Joly’s lips continued to form the
ir fishlike O for a few seconds, then wavered and shut. He subsided slowly into one of the scattered chairs with another immense sigh.
"This—" Gideon began.
But Joly was resignedly holding uphis hand. "By Guillaume du Rocher," he said patiently, "I imagine you mean… I pray fervently you mean… some long-lost relative—of whose existence only you happen to be aware, of course— who happens to have the same name as the Guillaume du Rocher who drowned last Monday in Mont St. Michel Bay?"
"No, I don’t—"
"Because you can not mean the Guillaume du Rocher who drowned last Monday in Mont St. Michel Bay, and who was publicly buried in the family cemetery at Rochebonne one day before the first of these bones—these very old bones—were found." A rare plaintive look puckered the flesh around his eyes. "Can you?"
"No, I don’t mean that Guillaume either."
"Come on, Doc," John laughed. He too dropped into one of the black plastic-and-chrome chairs. "What do you mean? Who is this guy?"
"What I mean," Gideon said, "is that unless I’m way off base the man who drowned in the bay wasn’t really Guillaume du Rocher."
Their expressions were so artlessly baffled—jaws dropping, brows soaring, like a couple of ungifted actors simulating astonishment—that he burst out laughing. In all fairness, he remarked to himself, being the Skeleton Detective of America did have its moments.
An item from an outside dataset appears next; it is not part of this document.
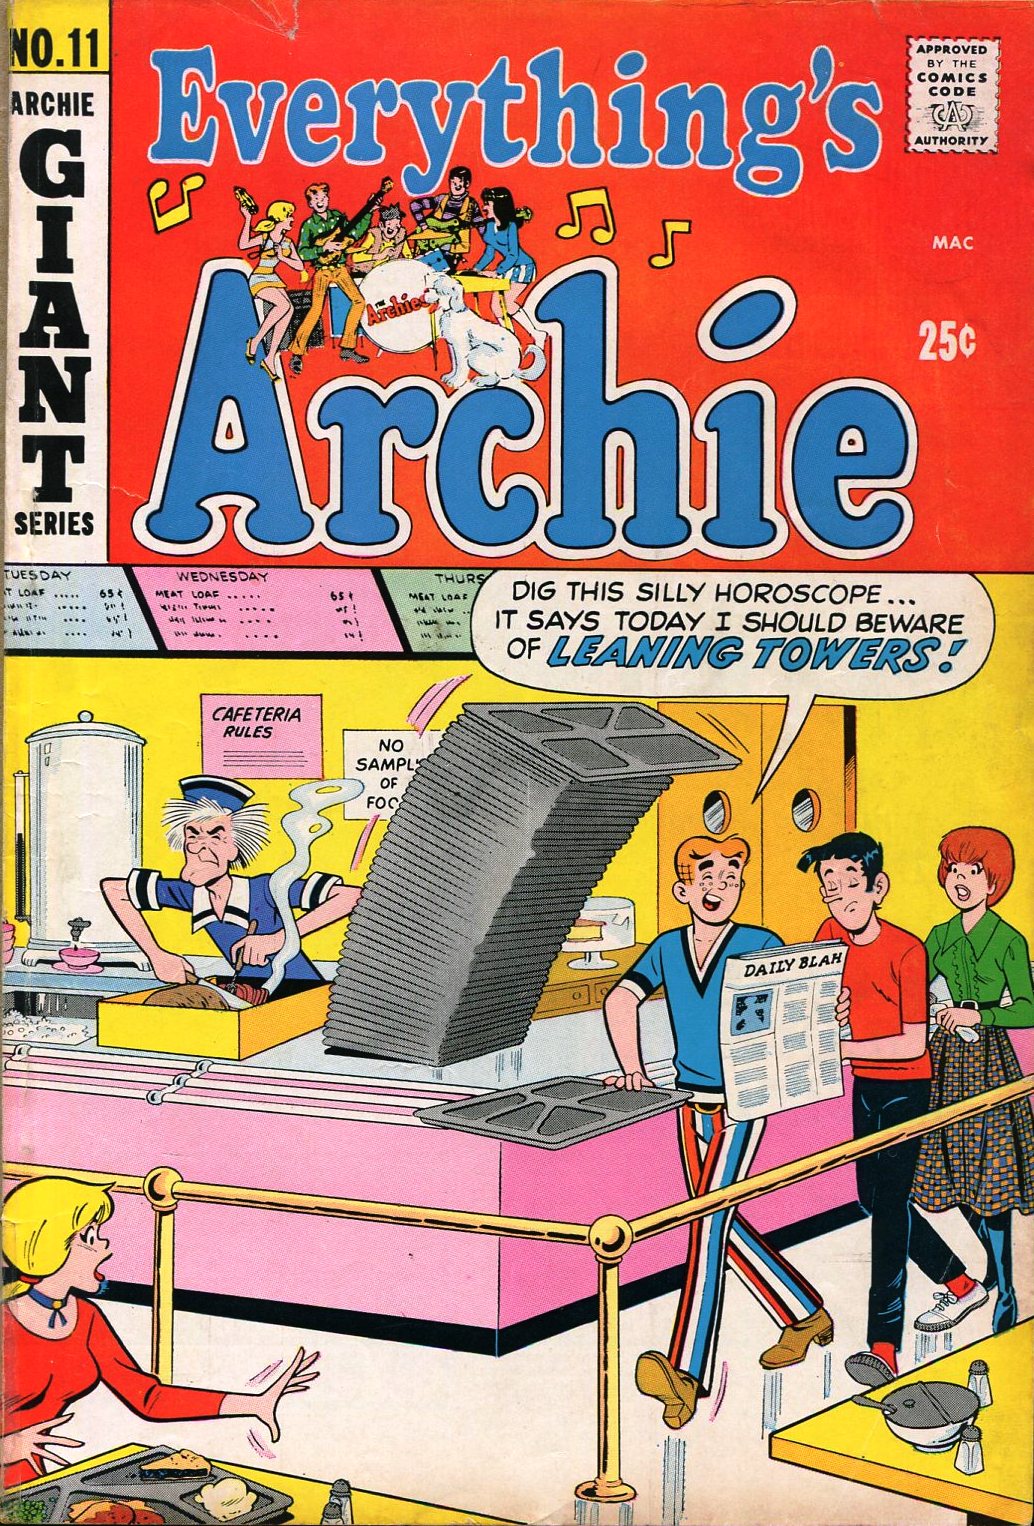 Read online Everything's Archie comic -  Issue #11 - 1

"I’m pretty sure this is the real Guillaume," he said with a glance at the skeleton, "and he’s been dead since World War II, not since last Monday."
"Well—but—" John stammered. "You said you met him yourself a couple of years ago—"
"What I met was somebody who called himself Guillaume du Rocher."
"And are we permitted to know," Joly asked, recovering his equilibrium, "how you deduced that the man who was known as Guillaume du Rocher for as long as anyone can remember—to his family, his attorney, his servants, his doctor, and scores of others who knew him well—was not the‘real’ Guillaume du Rocher?" He pulled out a fresh pack of Gitanes and tore it open; rather testily, it seemed to Gideon.